Let $V = R[X]_{≤3}$ and $α ∈ R$. Define the linear image $ L : V → V$ given by $L(P(X)) = αP(X) + (X + 1)P'(X)$.
Proof that $L$ diagonalizable and determine the matrix $L$ with respect to a basis of eigenvectors.
I have found this matrix:
$$L=\begin{bmatrix}\alpha&1&0&0\\\ 0&1+\alpha&2&0\\0&0&2+\alpha&3\\0&0&0&3+\alpha\end{bmatrix}.$$ I used the standard basis {${1,x,x^2,x^3}$}
Then you know the eigenvalues are $\alpha, 1+\alpha, 2+\alpha$ and $3+\alpha$ with respectively the eigenspaces $(1,0,0,0),(0,1,0,0),(0,0,1,0),(0,0,0,1)$ and because every $d(\lambda)=m(\lambda)$ we know that $L$ is diagonalizable.
First is this correct? If so, How do I construct the matrix $L$ with respect to a basis of eigenvectors. Is it possible that this is just the matrix with on the diagonal the eigenvalues?
Let's try and find the eigenvectors of the representing matrix with respect to $\alpha$. We need to find the null space of $$ L-\alpha I= \begin{bmatrix} 0&1&0&0\\ 0&1&2&0\\ 0&0&2&3\\ 0&0&0&3 \end{bmatrix} $$ and we find $[1\ 0\ 0\ 0]^T$. This yields the polynomial $1$ as an eigenvector for $L$.

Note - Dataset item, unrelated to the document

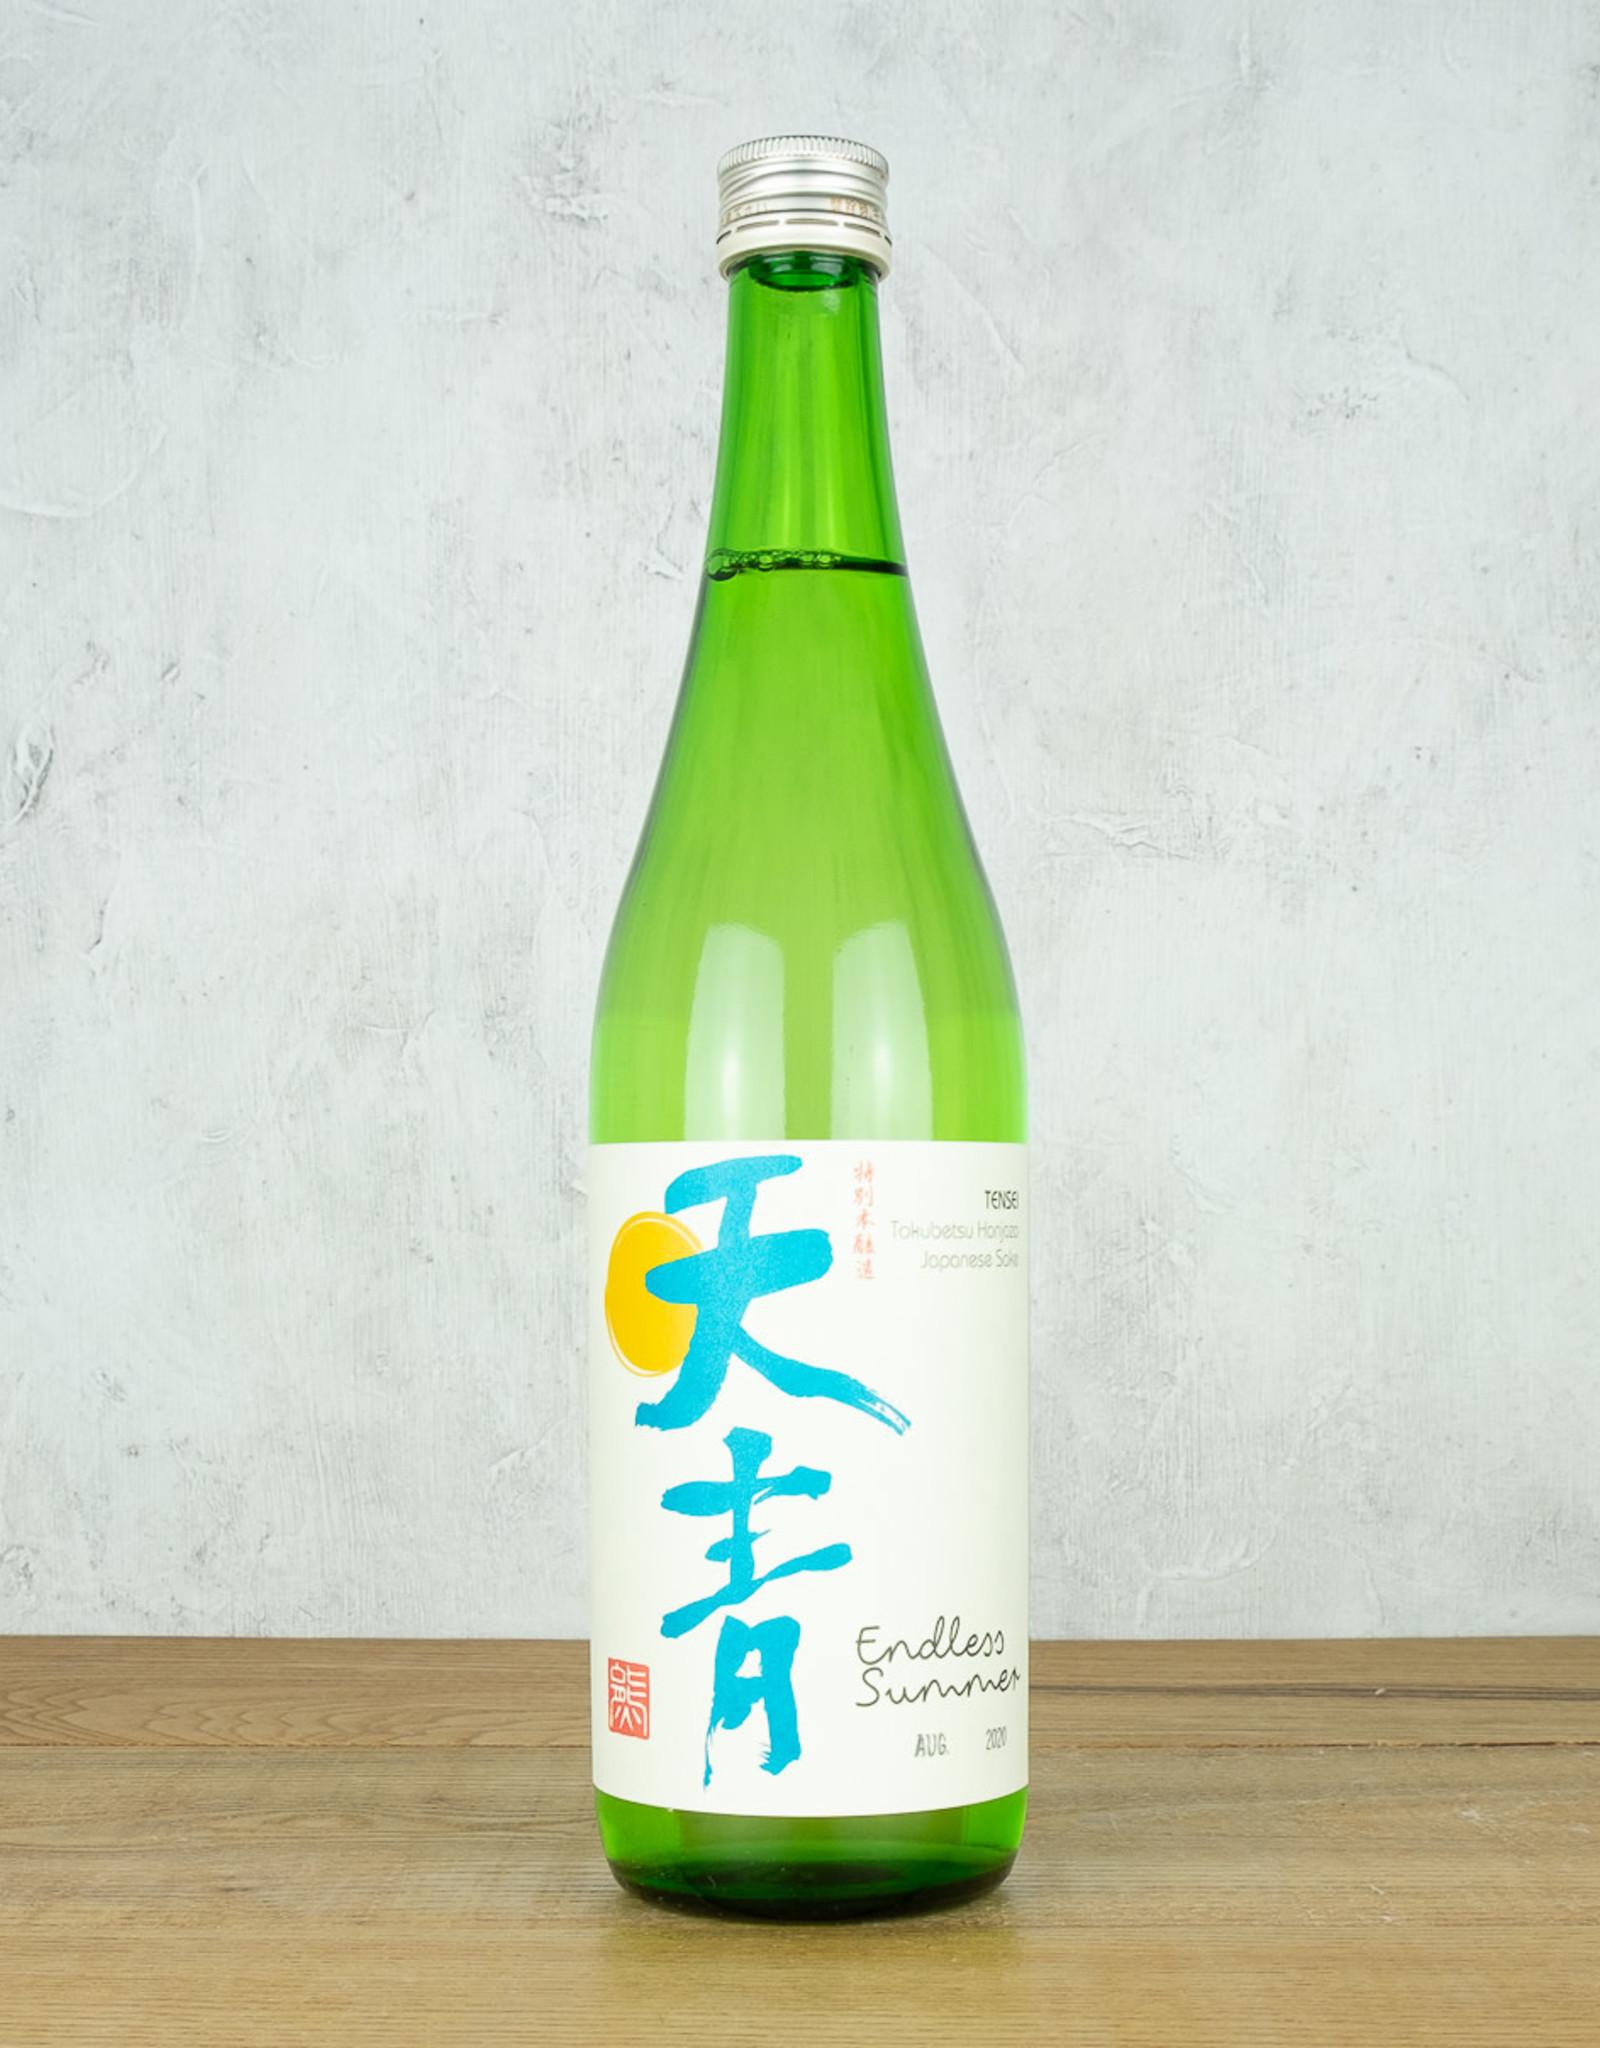 Tensei Sake Endless Summer Tokubetsu Honjozo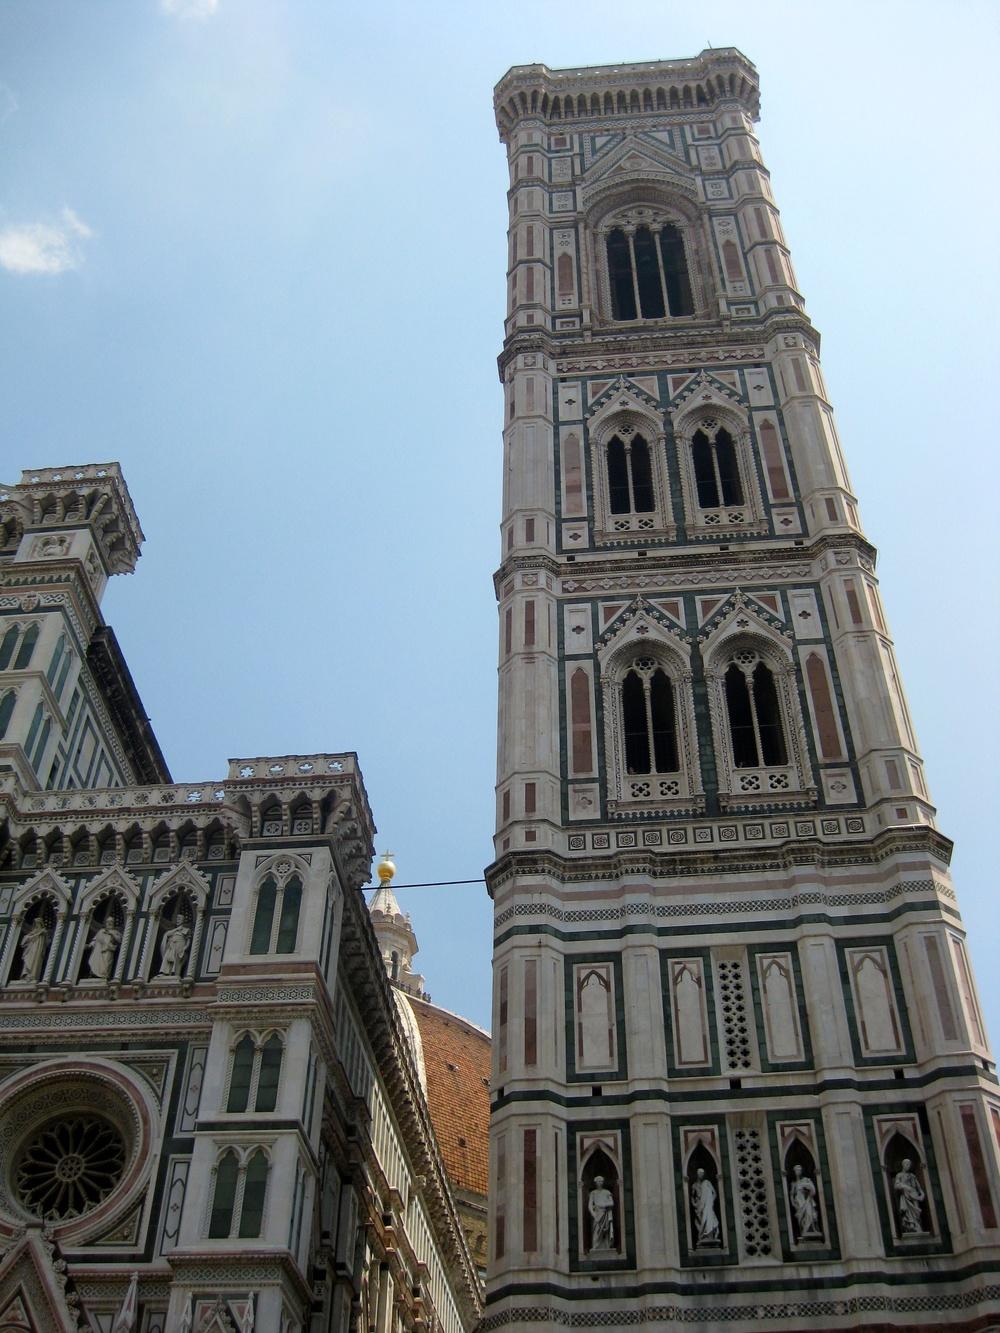 CRO Italy web 2013 - 033.jpg

With respect to $1+\alpha$, we need the null space of $$ L-(1+\alpha) I= \begin{bmatrix} -1&1&0&0\\ 0&0&2&0\\ 0&0&1&3\\ 0&0&0&2 \end{bmatrix} $$ and we find $[1\ 1\ 0\ 0]^T$. This yields $1+x$ as an eigenvector for $L$.
You may find also the other eigenvectors. However, you don't need it. The matrix with respect to a basis of eigenvectors is $$ \begin{bmatrix} \alpha & 0 & 0 & 0 \\ 0 & 1+\alpha & 0 & 0 \\ 0 & 0 & 2+\alpha & 0 \\ 0 & 0 & 0 & 3+\alpha \end{bmatrix} $$ (or any permutation of the eigenvalues along the diagonal).